# Buying from Trainz



## BNSF Fan (Feb 27, 2010)

Looking at a locomotive on ebay from Trainz. Anyone dealt with them before? Did you have a good expierence with them? Thanks.


----------



## gunrunnerjohn (Nov 10, 2010)

I've bought stuff from Trainz, they're a bit slower than others to ship, but they do seem to stand behind their stuff. I had some issues with one purchase, but they rounded up the missing parts after a bit of urging and made it right. 

All of my purchases from them have been on eBay items, they're big into eBay.


----------



## BNSF Fan (Feb 27, 2010)

gunrunnerjohn said:


> I've bought stuff from Trainz, they're a bit slower than others to ship, but they do seem to stand behind their stuff. I had some issues with one purchase, but they rounded up the missing parts after a bit of urging and made it right.
> 
> All of my purchases from them have been on eBay items, they're big into eBay.
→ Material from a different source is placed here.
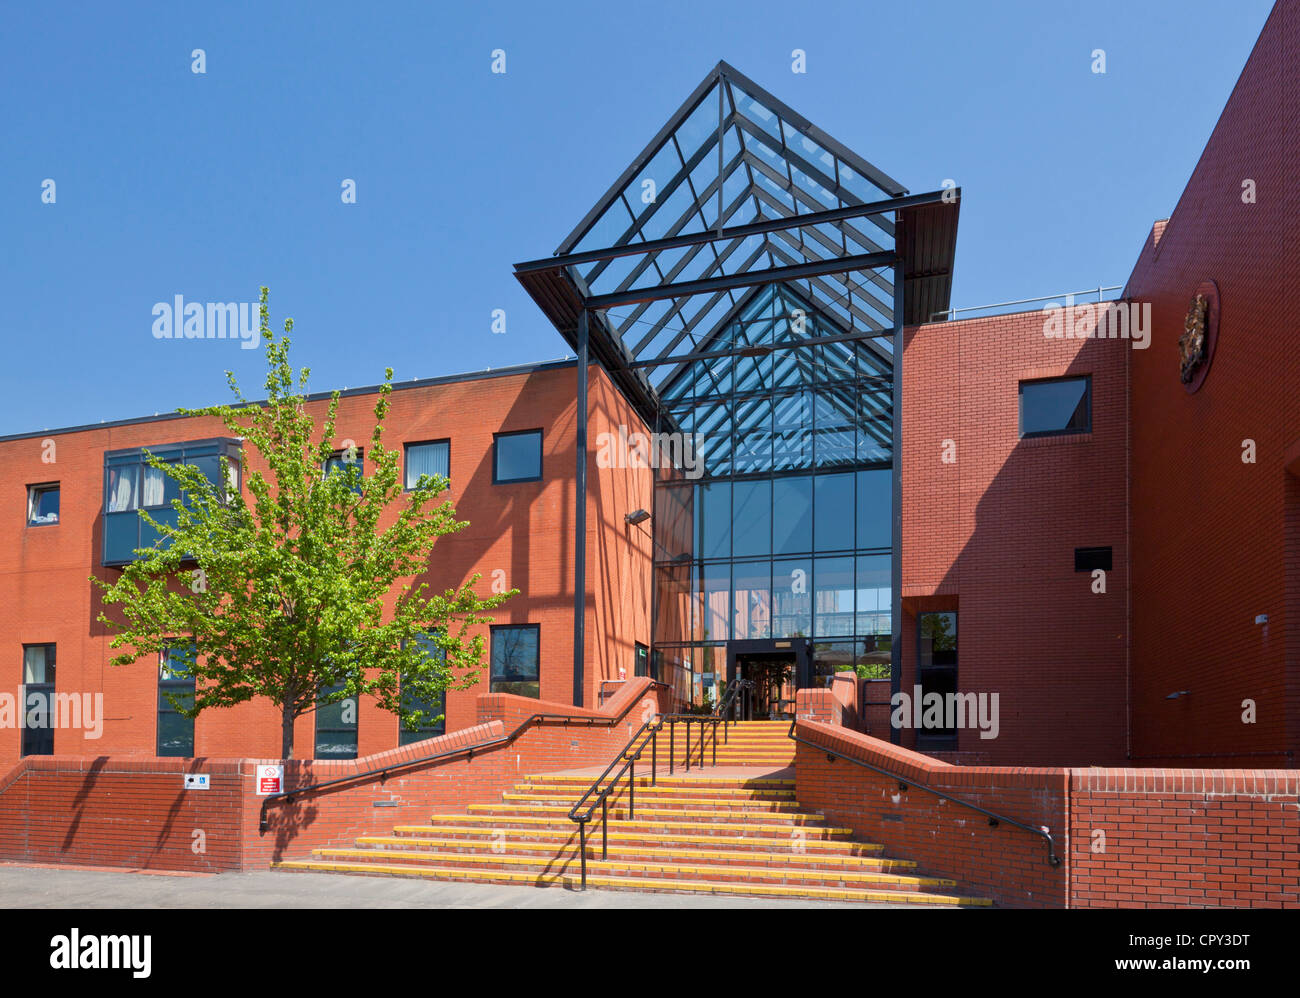 Leicester Crown Court Leicestershire East Midlands England UK GB EU Europa Stockfoto

Thanks. They currently have an MTH loco w/PS2 that I'm watching. Waiting to see if the bidding gets crazy.


----------



## gunrunnerjohn (Nov 10, 2010)

I've seen some MTH stuff with PS2 go pretty cheaply. Now that Legacy has been around for a few years, I see TMCC stuff coming down in price as well.


----------



## Boston&Maine (Dec 19, 2007)

I have had nothing but bad experiences with Trainz. They overrate everything the sell. The one time I did actually return something, it took more than a month after sending it back for them to refund my account


----------



## gunrunnerjohn (Nov 10, 2010)

Interesting how different experiences can be.


----------



## Guest (Mar 24, 2011)

Hmm, so what are the best places to buy stuff via internet ? The cheapest quality, new, SN EZ track by bulk and rolling stock lots ?


----------



## GrumpyOldGuy (Mar 14, 2011)

I've bought several things from Trainz both on their website and on eBay. They've always done right by me. Prices on website seem to be a little high.


----------



## raleets (Jan 2, 2011)

I've good luck with 3 seperate purchases from internetrailroad.com
They do a ton of eBay, or you can call them and order via phone with a friendly "real human being". They're in Sheboygan, WI.
Have fun,
Bob


----------



## sstlaure (Oct 12, 2010)

I've purchased from: (and have had good luck with all)

http://www.trainworldonline.com/

www.walthers.com

http://www.modeltrainstuff.com/SearchResults.asp


----------



## gunrunnerjohn (Nov 10, 2010)

There is never "one good place", it depends on the day and the item. Frequently, you'll find the same items at the best price in different locations. Then you'll see the reverse for other items at the two locations.


----------